Deep Thoughts on the Yankees-Rays Series

Ray-fan has two explanations ready to go following a series with the Yankees.  If you listen to Tampa Bay local AM radio sports-blather as religiously as I do, you get to a point where you can commit the following themes to memory.  After a Rays victory; “Yankees bad, payroll too high, bad for baseball, Joe Maddon crazy for screwing with the lineup.”  Following a Rays’ victory, “Rays virtuous, Yankees evil, payroll references conspicuously absent, great player development,  Joe Maddon a genius for messing with the payroll.”  What do you expect?  This is a football town.

Such are the fortunes of baseball.  But if you delve beneath the surface of local Tampa Bay AM sports-blather, a rather different picture emerges from this past series.  First, there are the creepy – coincidences;

The Rays have the 27th-worst batting average in baseball.  The Yankees have the 27th-lowest team strikeouts.  The ’27 Yankees are generally considered the greatest team in baseball history. In this latest series, the Yankees outscored the Rays 14-8 (if you combine those run tallies together, then add five, it equals 27).  Creepy.

Then there are the facts which make no sense outside the parameters of this burgeoning rivalry. Consider that Ivan Nova is undefeated against the Rays whereas C.C. Sabathia is one-and-six against David PriceIvan Nova gave up four hits and one run in eight innings for a 1.13 ERA on Wednesday night.  On Thursday night, Sabathia pitched well enough to win, striking out 12 and pitching a quality start, but lost, owing to a lack of run support and two errors on Alex Rodriguez.  If I was Joe Girardi, or more preferably, if Mark Panuthos were managing the Yankees and Joe Girardi was sitting at home late at night, in his batman pajamas, typing up his blog following a Yankees loss, I would alter my pitching rotation to match any other Yankee pitcher against Price.  Garcia or Hughes perhaps, but I’d even consider pitching Nick Swisher again (who pitched in the last innings of the 2009 Rays opening day 22-5 defeat of Chen Ming Wang and the Yankees).  David Price was pulled after a 38-pitch fifth inning, which featured an epic, 11-pitch, confrontation between Price and A-Rod.  By epic, by the way, I mean “typical” in that A-Rod struck out, with the bases loaded, thereby removing any confusion between him and a clutch hitter.

The Tampa Bay Times attributed the Rays’ victory on Thursday night to Joe Maddon’s “New Look” lineup, in which the strategy was to pit more right-handed batters against Sabathia.  In fact, the main difference was batting Desmond Jennings third and BJ Upton fourth.  He led off with Carlos Pena and caught Jose Lobaton instead of Jose Molina.  A birds’ eye glance at the stats makes it look like the strategy works, as Yankee pitchers gave up 10 hits to the 27th worst team in terms of batting average.  On the other hand, Sabathia pitched a quality start, and got no run support.

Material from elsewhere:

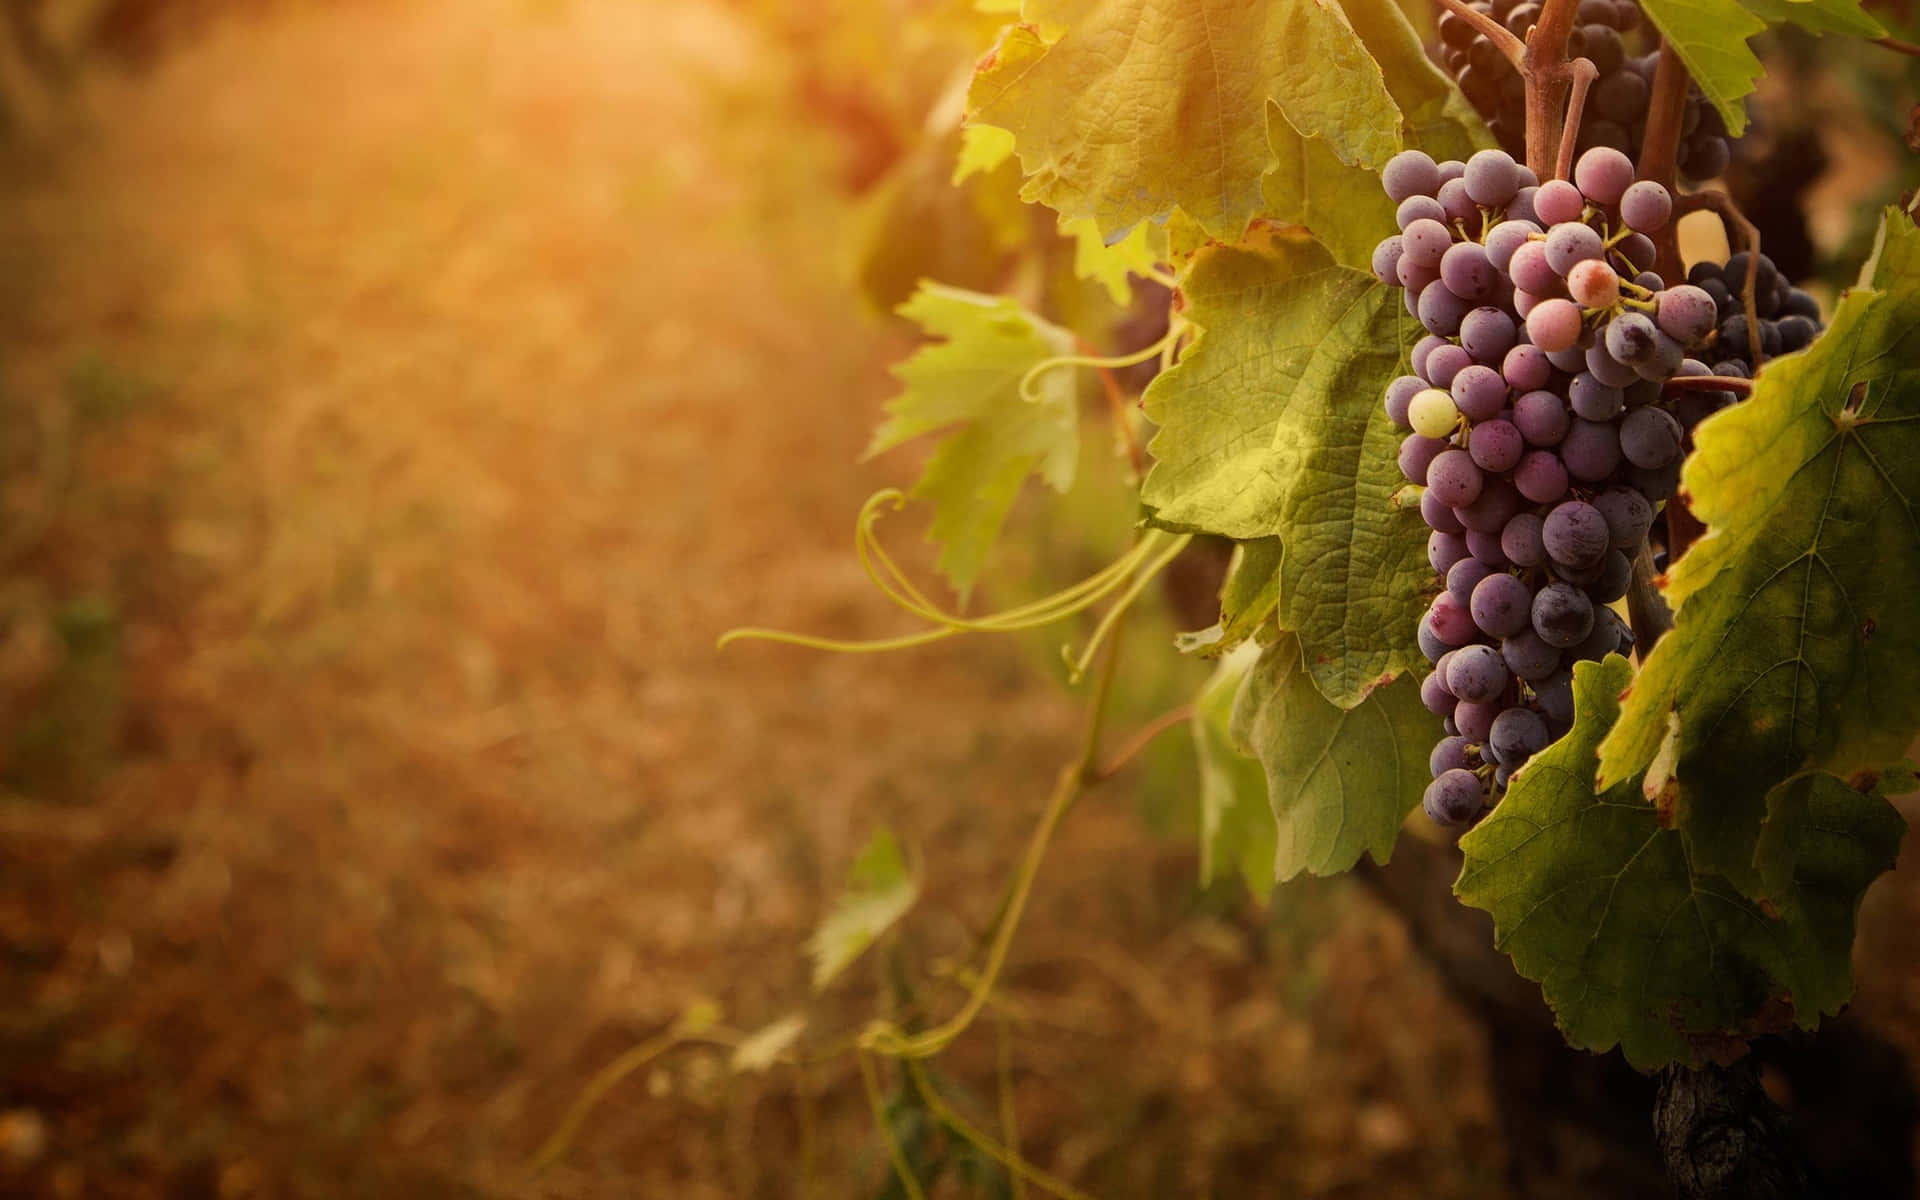 Enjoy the juicy sweetness of fresh grapes.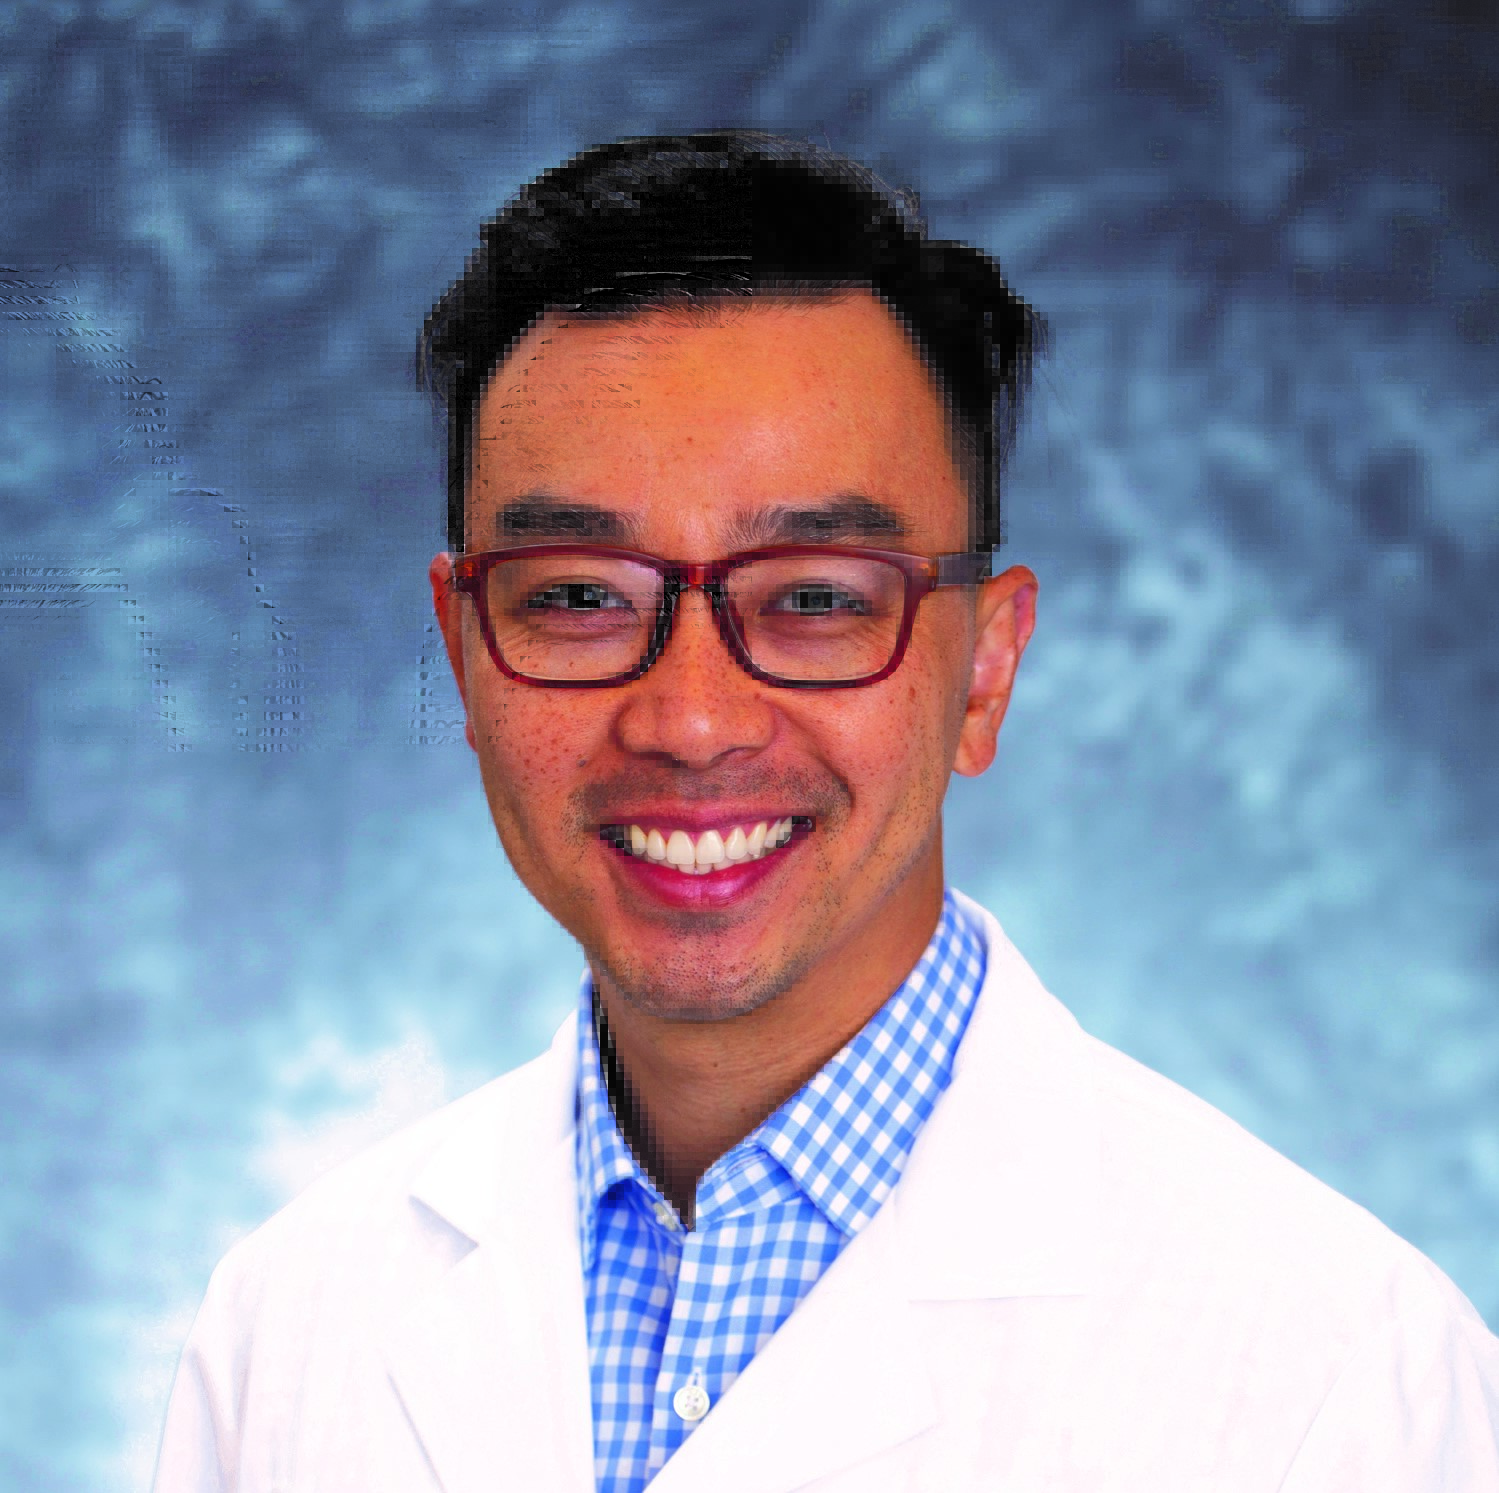 Dr. Hung Nguyen

The Yankees hit James Shields for seven hits and seven runs on Tuesday night, five of them charged to Shields.  His ERA versus the Yankees on that night was 9.00.  Andy Pettitte meanwhile gave up two hits and no runs in 7.1 innings pitched.  A quick perusal of Pitch f/x reveals that his fastball never breached 90 mph.  His was less a performance than a dissection of the Rays and his command less precise than Surgical.  On a side note to Brian Cashman – I know you read my stuff!  If you must have an ex-Rays pitcher, please give up on Matt Garza and focus on James Shields who becomes a free agent after this year.  He’s solid, led the majors in complete games last year (16), and is about as intense a pitcher as there is in baseball.

Speaking of creepy, Alex Cobb scared me.  The guy is simply awesome.  He pitched only once from the stretch in seven innings, giving up solo homeruns to a resurgent Mark Teixeira and the ever-dangerous Curtis Granderson.  Rays’ catcher Jose Molina picked off Alex Rodriguez at first base, ensuring that Curtis Granderson’s homerun would only be a solo shot.  Watch out for Cobb down the line. He didn’t even go to his curveball until the 4th inning and pitched into the 8th inning.  By the way, kudos to Joe Maddon for baptizing Cobb this way, in a close, pre-All Star break game at Yankee stadium.

As of now, the Rays lead the head-to-head series 5-4.  We next play the Rays July 2-4th.  If Andy Pettitte and Ivan Nova are pitching during that series, we’re in great shape.  And as long as we don’t match Sabathia with Price, it could even be a sweep.